一种通过整数规划从树集成中提取可解释规则的统一方法

树集成是广泛使用的机器学习模型，以其在监督分类和回归任务中的有效性而闻名。它们的性能来源于多个决策树的聚合预测，这些决策树以其可解释性而闻名。然而，树集成模型不能可靠地显示可解释的输出。我们的工作旨在从训练树集成中提取优化的规则列表，为用户提供一个浓缩的、可解释的模型，该模型保留了完整模型的大部分预测能力。我们的方法包括解决一个通过整数规划制定的集划分问题。提取的规则列表是不加权的，并定义了训练数据的一个分区，将每个实例精确地分配给一个规则，从而简化了解释过程。所提出的方法适用于表格或时间序列数据，用于分类和回归任务，其灵活的公式可以包括任何任意损失或正则化函数。我们的计算实验提供了统计上显著的证据，表明我们的方法在预测性能和对树集合的保真度方面与几种规则提取方法相当。此外，我们的经验表明，该方法可以有效地从为时间序列数据设计的树集成中提取可解释的规则。
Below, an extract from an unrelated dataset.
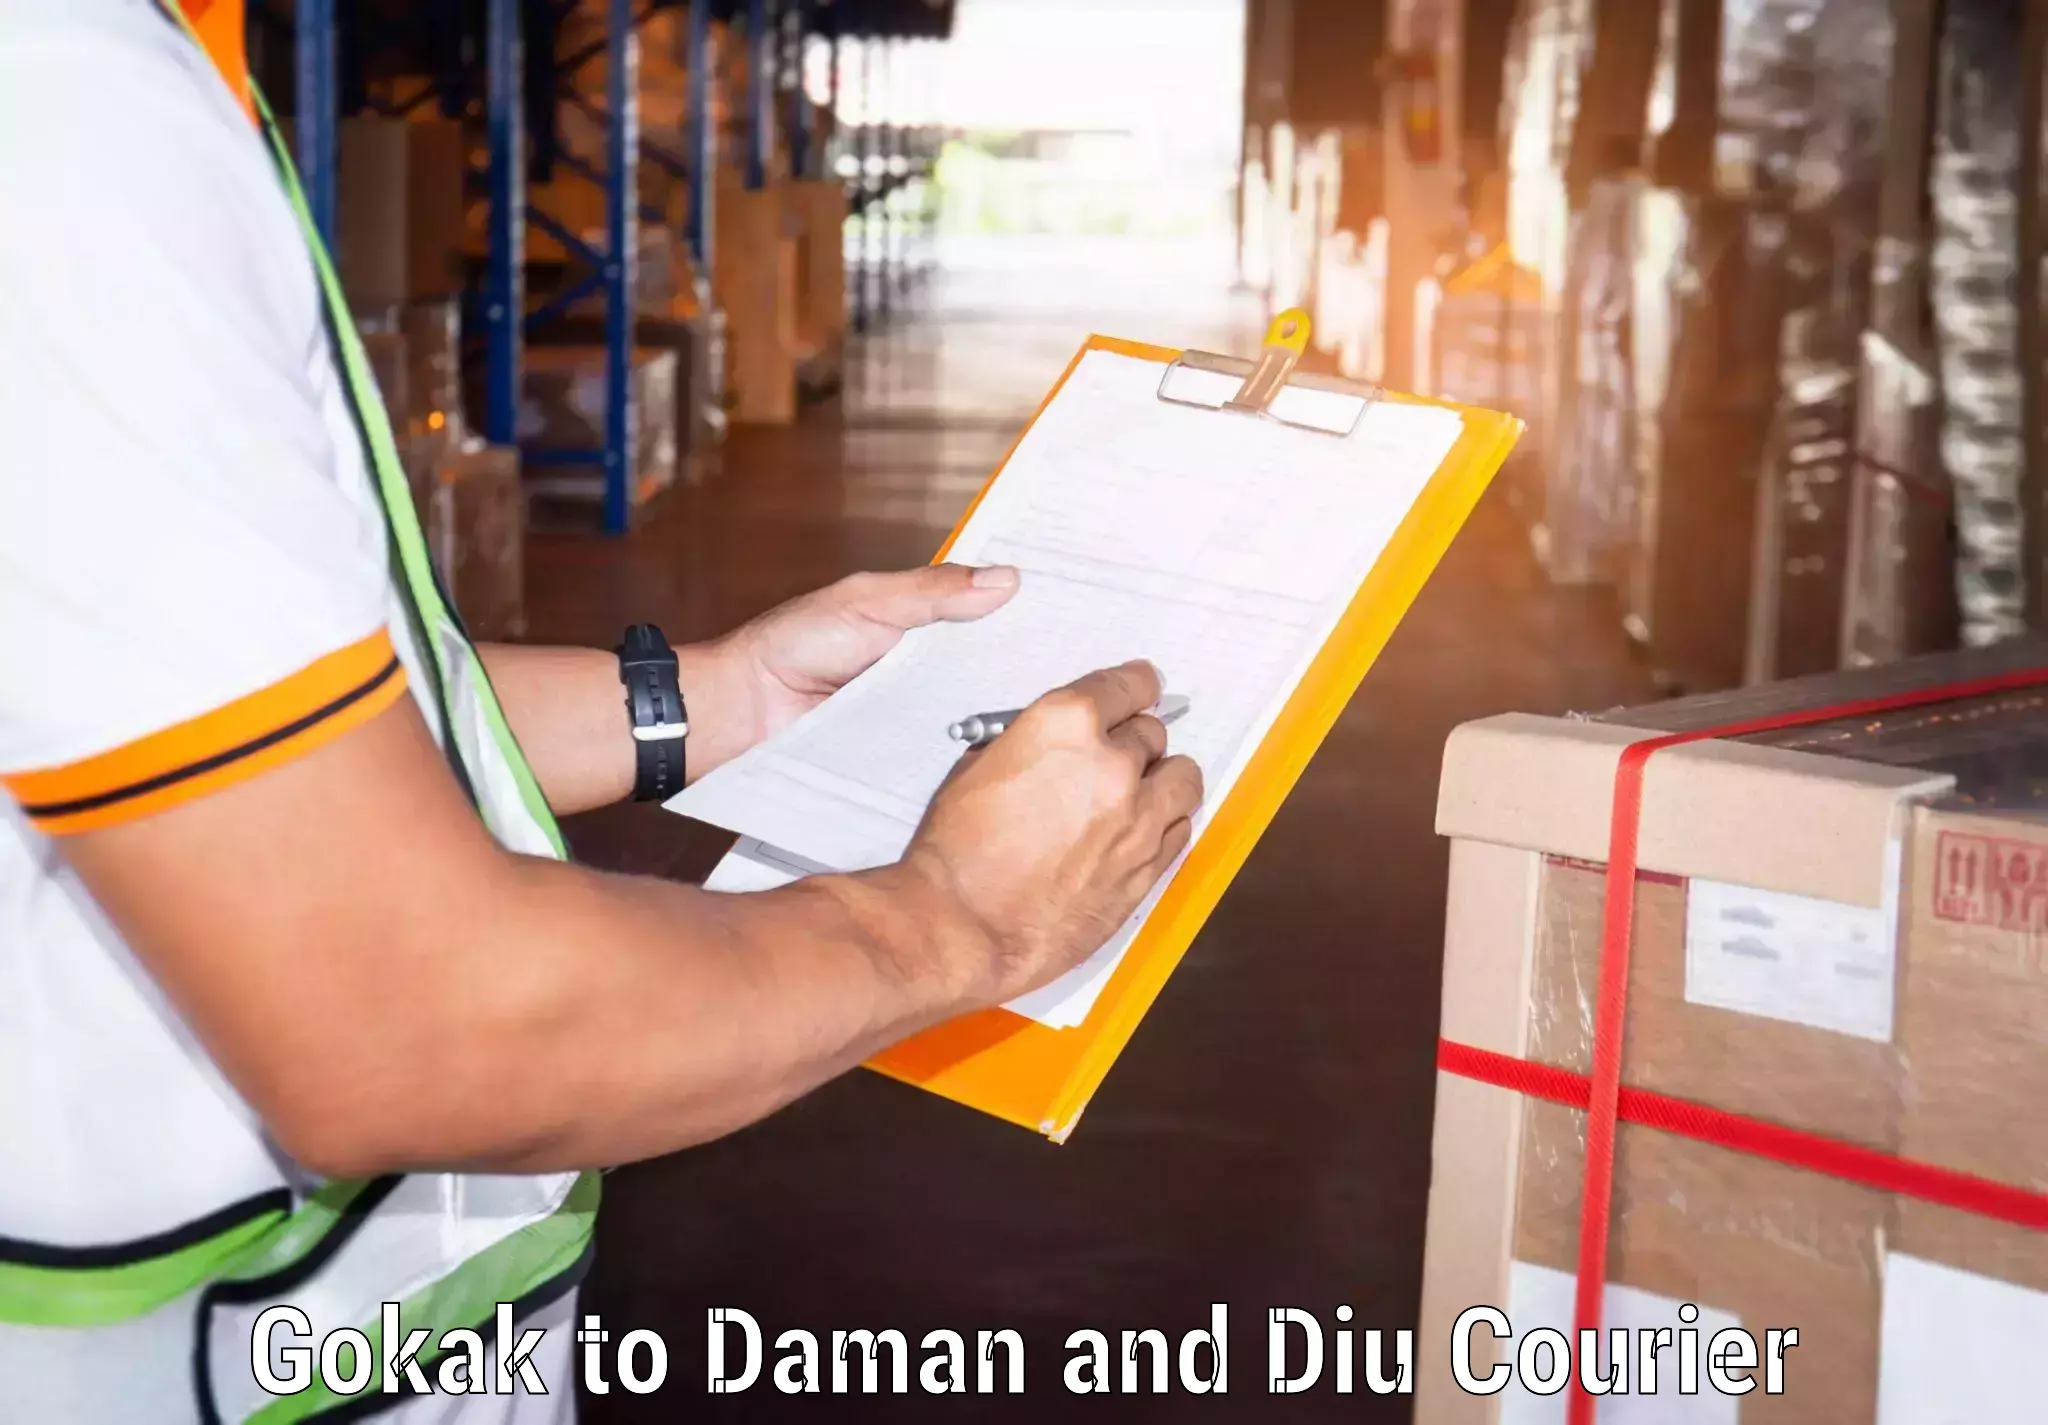 Express logistics providers Gokak to Daman and Diu

本文章由计算机程序翻译，如有差异，请以英文原文为准。

求助全文

约1分钟内获得全文求助全文

来源期刊

Computers & Operations Research 工程技术-工程：工业

CiteScore

8.60

自引率

8.70%

发文量

292

审稿时长

8.5 months

期刊介绍： Operations research and computers meet in a large number of scientific fields, many of which are of vital current concern to our troubled society. These include, among others, ecology, transportation, safety, reliability, urban planning, economics, inventory control, investment strategy and logistics (including reverse logistics). Computers & Operations Research provides an international forum for the application of computers and operations research techniques to problems in these and related fields.